- WORK TO COMPLETE -
Repeat the whole listing word for word, skipping pictures.

- SUPPLIED MATERIAL -
┌──
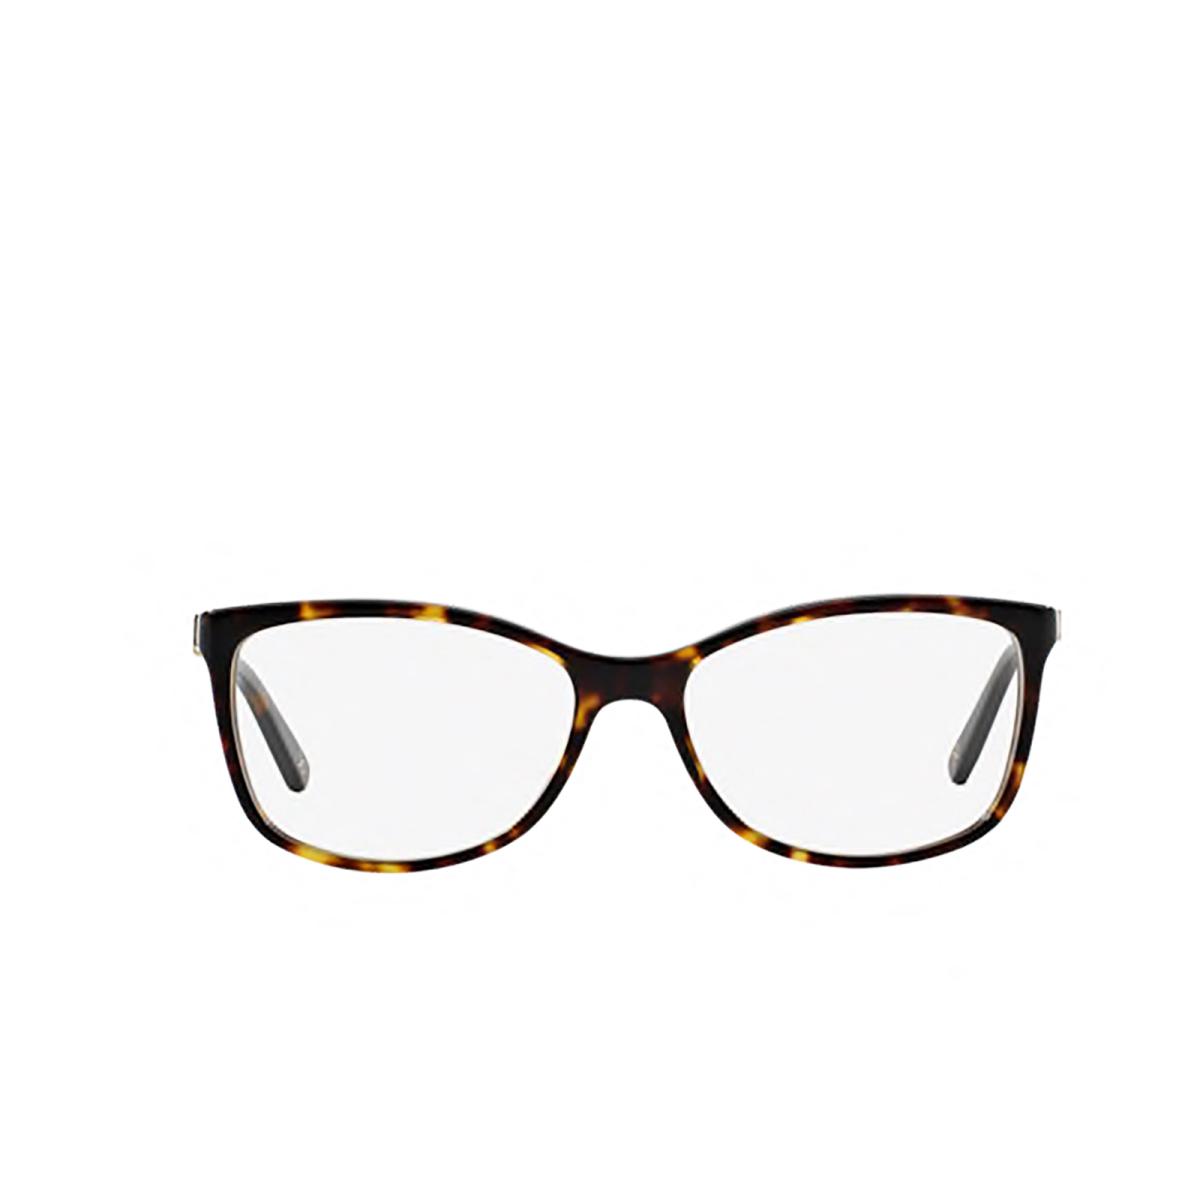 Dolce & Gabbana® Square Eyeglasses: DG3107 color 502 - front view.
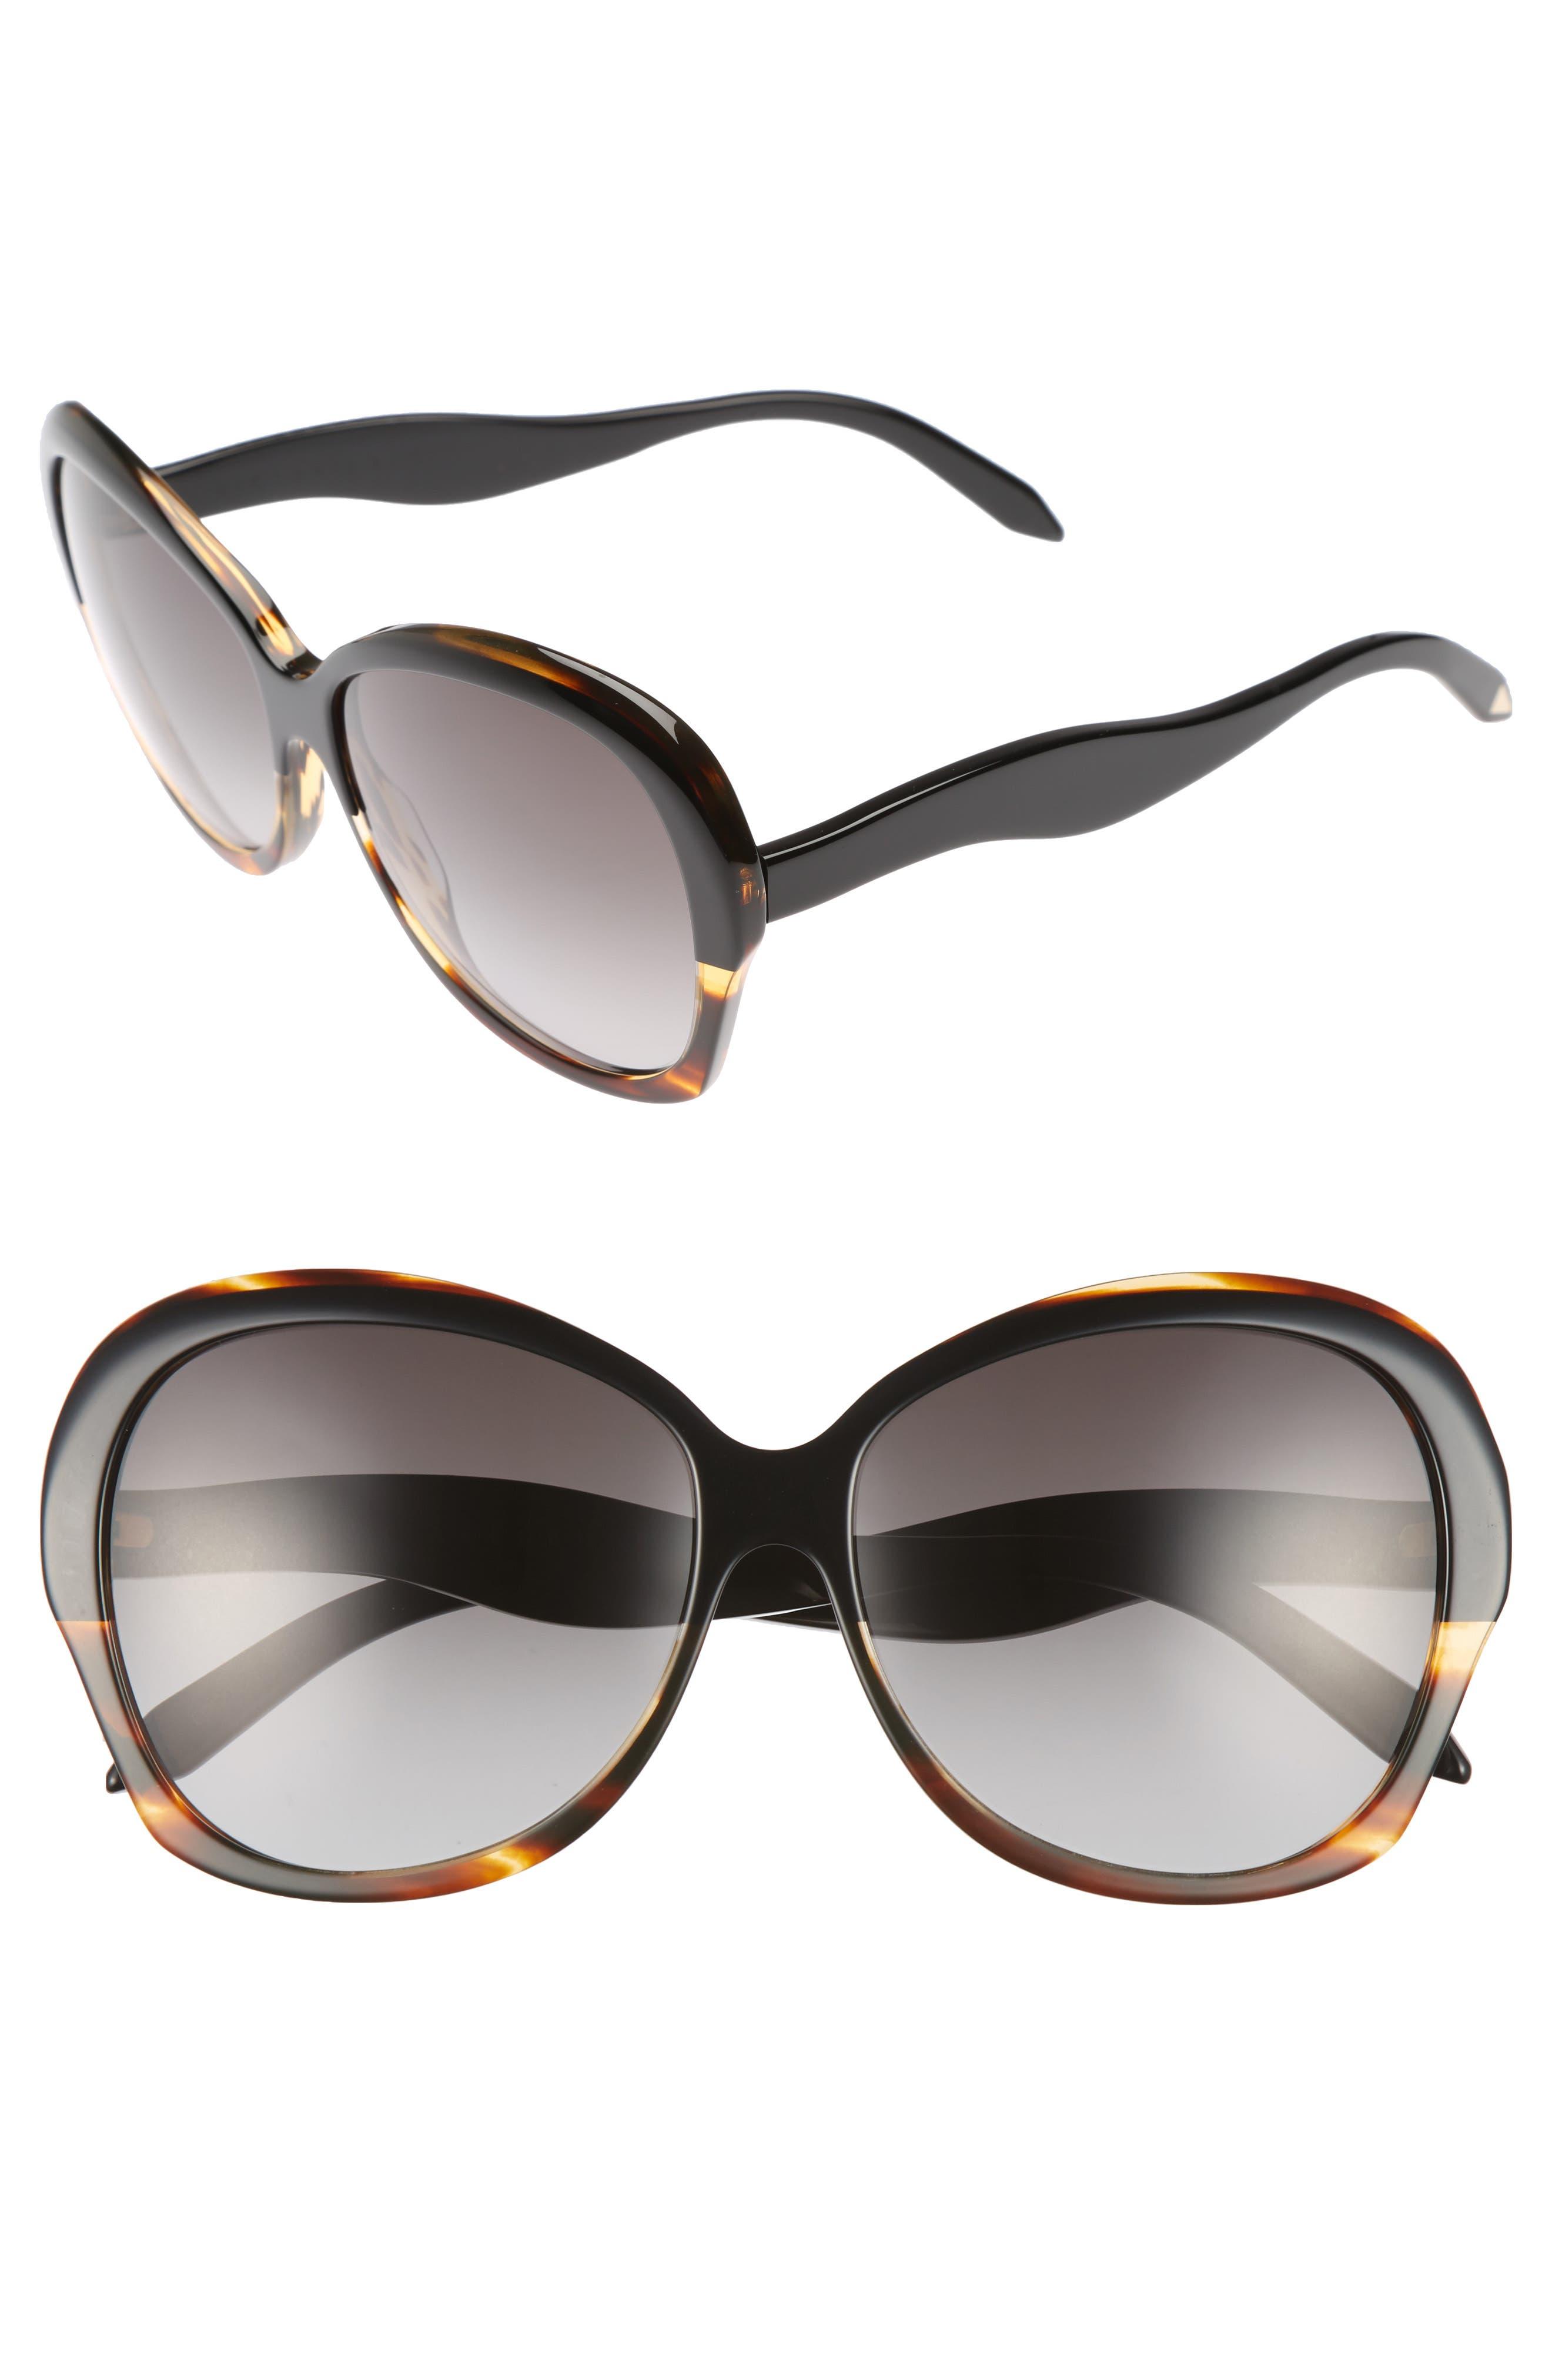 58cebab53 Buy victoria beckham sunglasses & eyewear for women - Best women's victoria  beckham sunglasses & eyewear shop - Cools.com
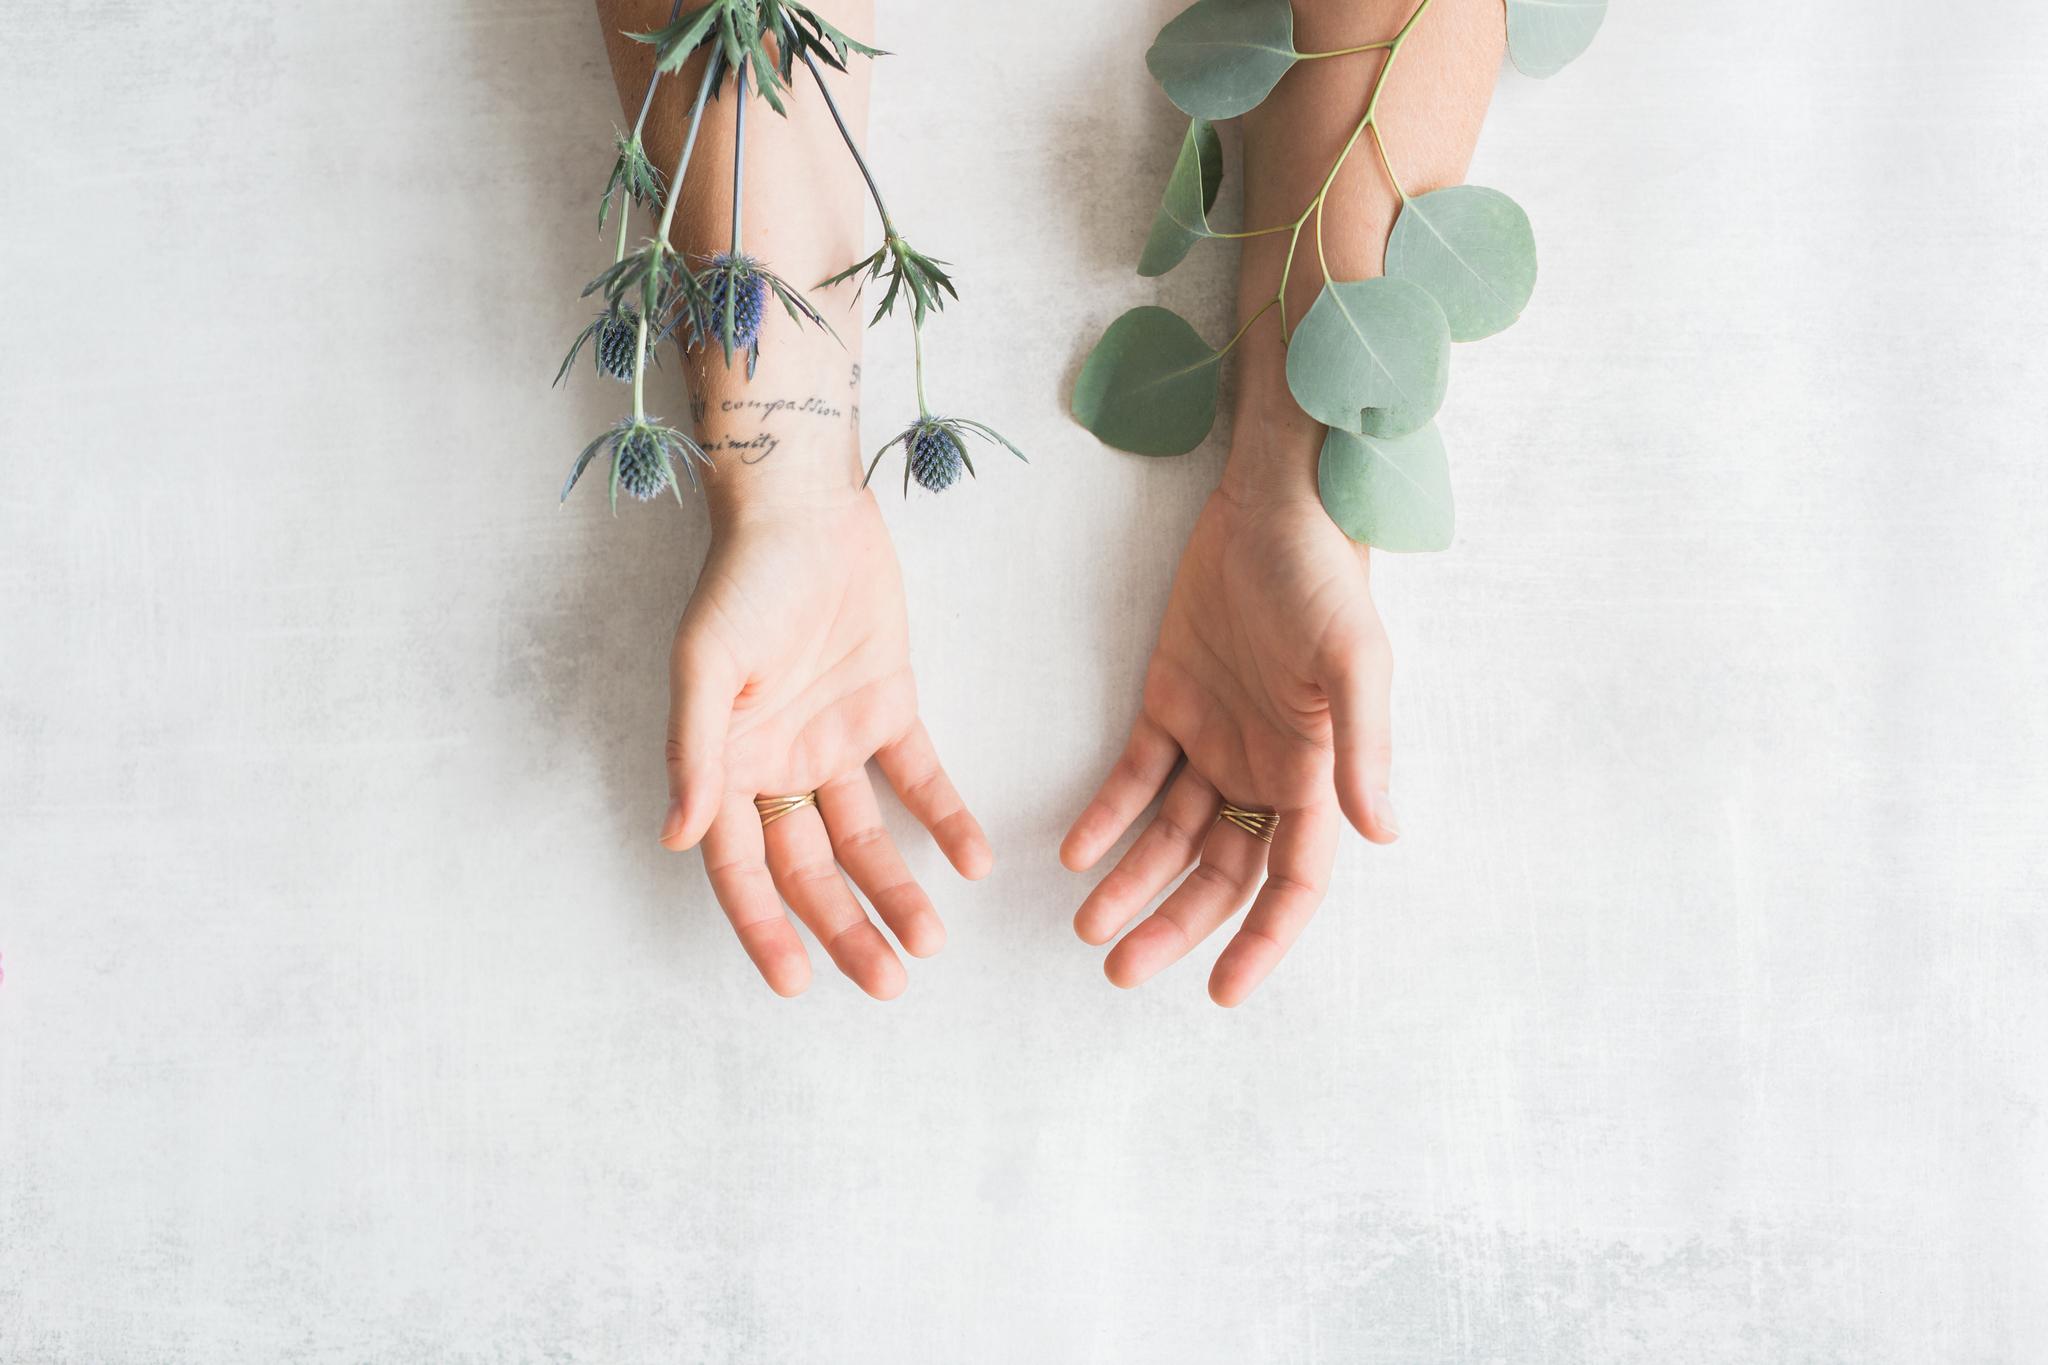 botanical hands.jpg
└──
- OUTPUT OF THE TASK -
 Dolce & Gabbana® Square Eyeglasses: DG3107 color 502 - front view.
 58cebab53 Buy victoria beckham sunglasses & eyewear for women - Best women's victoria  beckham sunglasses & eyewear shop - Cools.com
 botanical hands.jpg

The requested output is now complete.